From: Jakub Kicinski <kuba@kernel.org>
To: Dipayaan Roy <dipayanroy@linux.microsoft.com>
Cc: kys@microsoft.com, haiyangz@microsoft.com, wei.liu@kernel.org,
decui@microsoft.com, andrew+netdev@lunn.ch, davem@davemloft.net,
edumazet@google.com, pabeni@redhat.com, leon@kernel.org,
longli@microsoft.com, kotaranov@microsoft.com, horms@kernel.org,
shradhagupta@linux.microsoft.com, ssengar@linux.microsoft.com,
ernis@linux.microsoft.com, shirazsaleem@microsoft.com,
linux-hyperv@vger.kernel.org, netdev@vger.kernel.org,
linux-kernel@vger.kernel.org, linux-rdma@vger.kernel.org,
dipayanroy@microsoft.com
Subject: Re: [PATCH net-next, v3] net: mana: Force full-page RX buffers for 4K page size on specific systems.
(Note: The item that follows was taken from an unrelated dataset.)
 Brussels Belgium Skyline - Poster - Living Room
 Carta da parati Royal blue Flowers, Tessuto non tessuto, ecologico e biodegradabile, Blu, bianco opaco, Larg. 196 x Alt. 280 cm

Date: Fri, 20 Mar 2026 17:29:08 -0700 [thread overview]
Message-ID: <20260320172908.1840229d@kernel.org> (raw)
In-Reply-To: <ab2T8LgRiDHDIUHV@linuxonhyperv3.guj3yctzbm1etfxqx2vob5hsef.xx.internal.cloudapp.net>
On Fri, 20 Mar 2026 11:37:36 -0700 Dipayaan Roy wrote:
> On Sat, Mar 14, 2026 at 12:50:53PM -0700, Jakub Kicinski wrote:
> > On Tue, 10 Mar 2026 21:00:49 -0700 Dipayaan Roy wrote:
> > > On certain systems configured with 4K PAGE_SIZE, utilizing page_pool
> > > fragments for RX buffers results in a significant throughput regression.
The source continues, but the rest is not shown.